Find the line with "Busch Beer Vector Set cover image." in the records below. Output exactly from there until after the line with "Another view of", without pictures.

+++ Study material +++

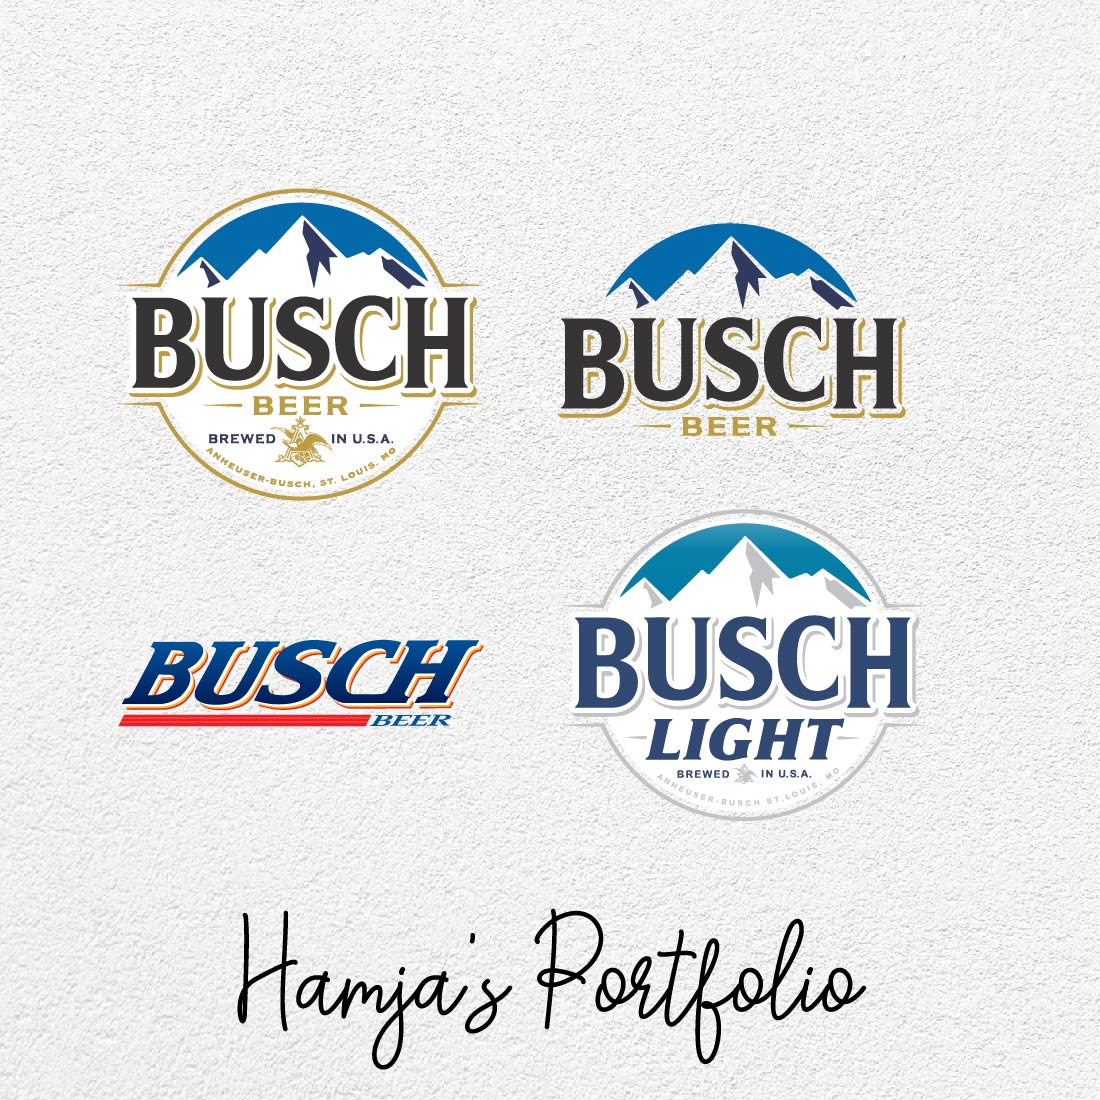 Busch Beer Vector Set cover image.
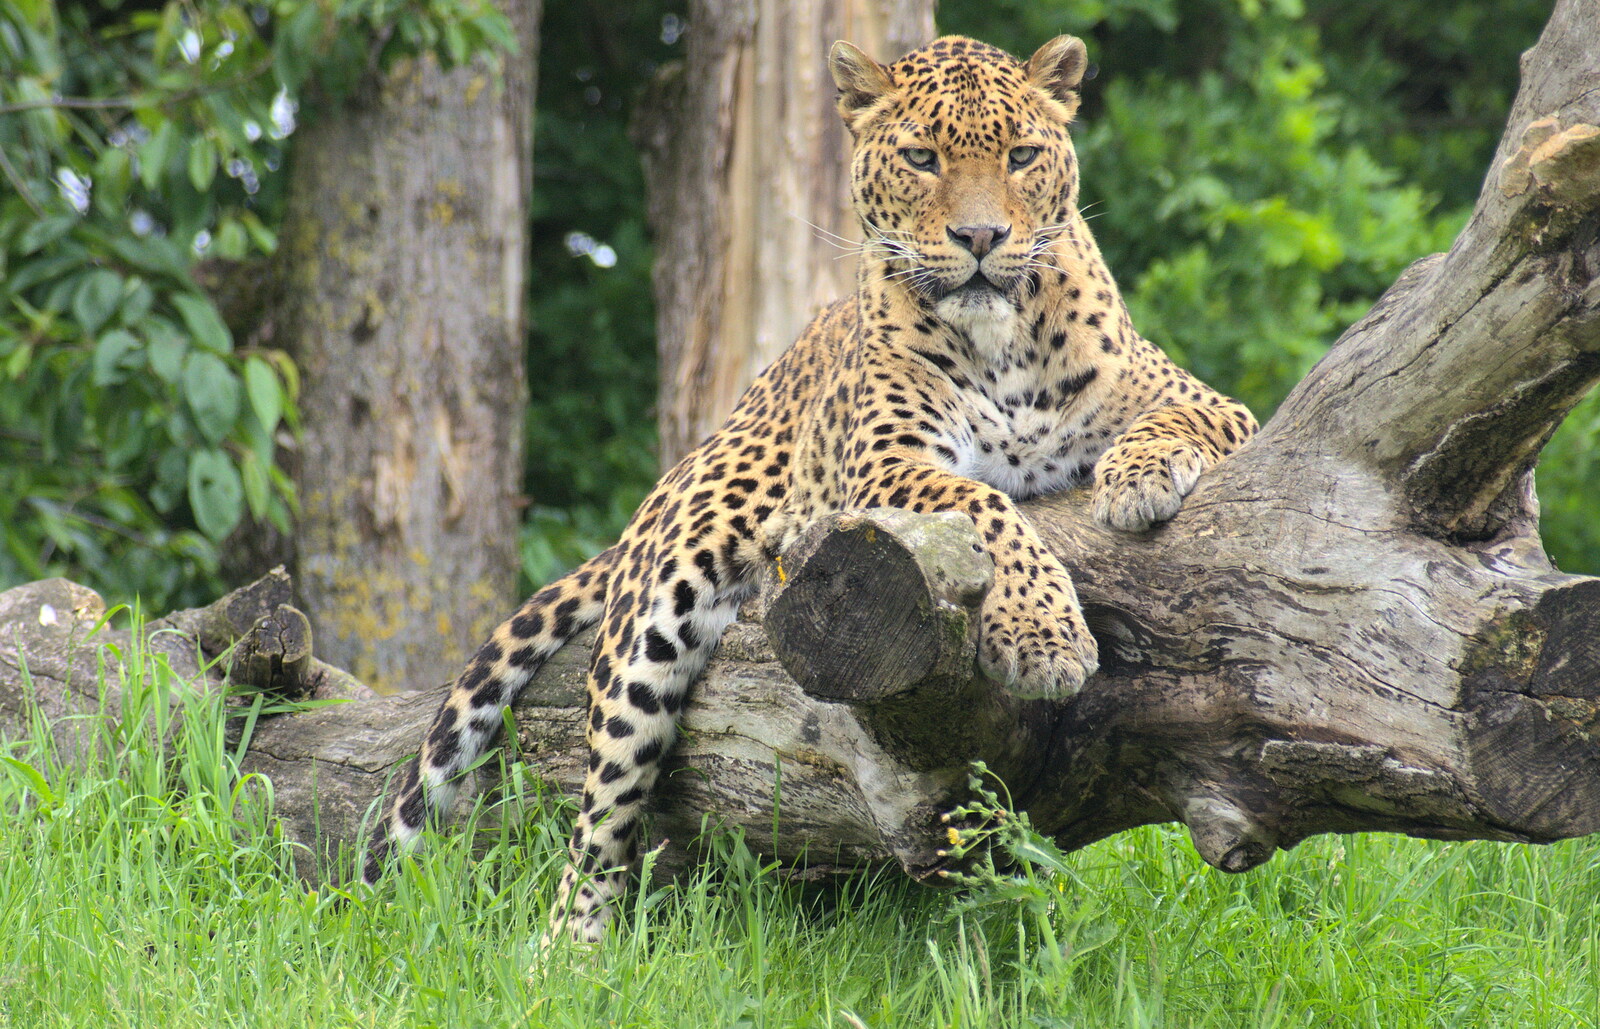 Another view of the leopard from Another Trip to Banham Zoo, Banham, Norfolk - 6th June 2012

+++
+++ Study material +++

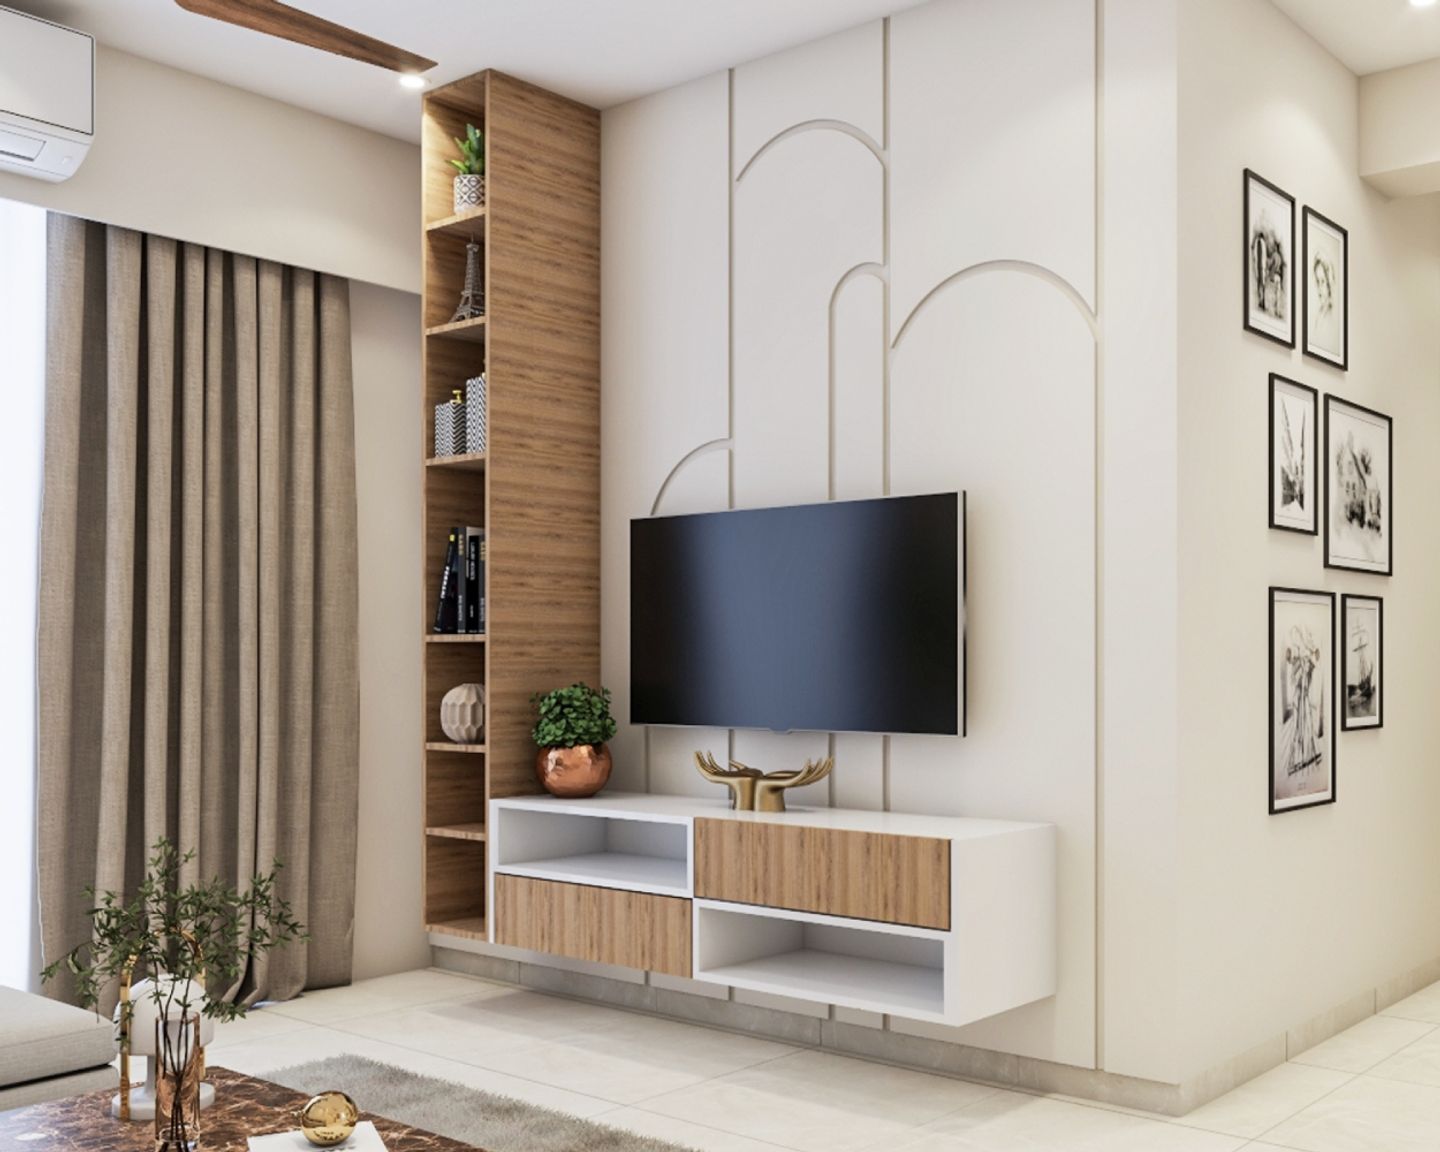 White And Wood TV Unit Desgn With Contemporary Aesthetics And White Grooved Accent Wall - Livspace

+++
+++ Study material +++

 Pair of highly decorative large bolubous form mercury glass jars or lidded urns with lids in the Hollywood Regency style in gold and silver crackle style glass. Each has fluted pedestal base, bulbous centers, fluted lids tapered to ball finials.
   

+++

#### Answer below:
 Busch Beer Vector Set cover image.
 Another view of the leopard from Another Trip to Banham Zoo, Banham, Norfolk - 6th June 2012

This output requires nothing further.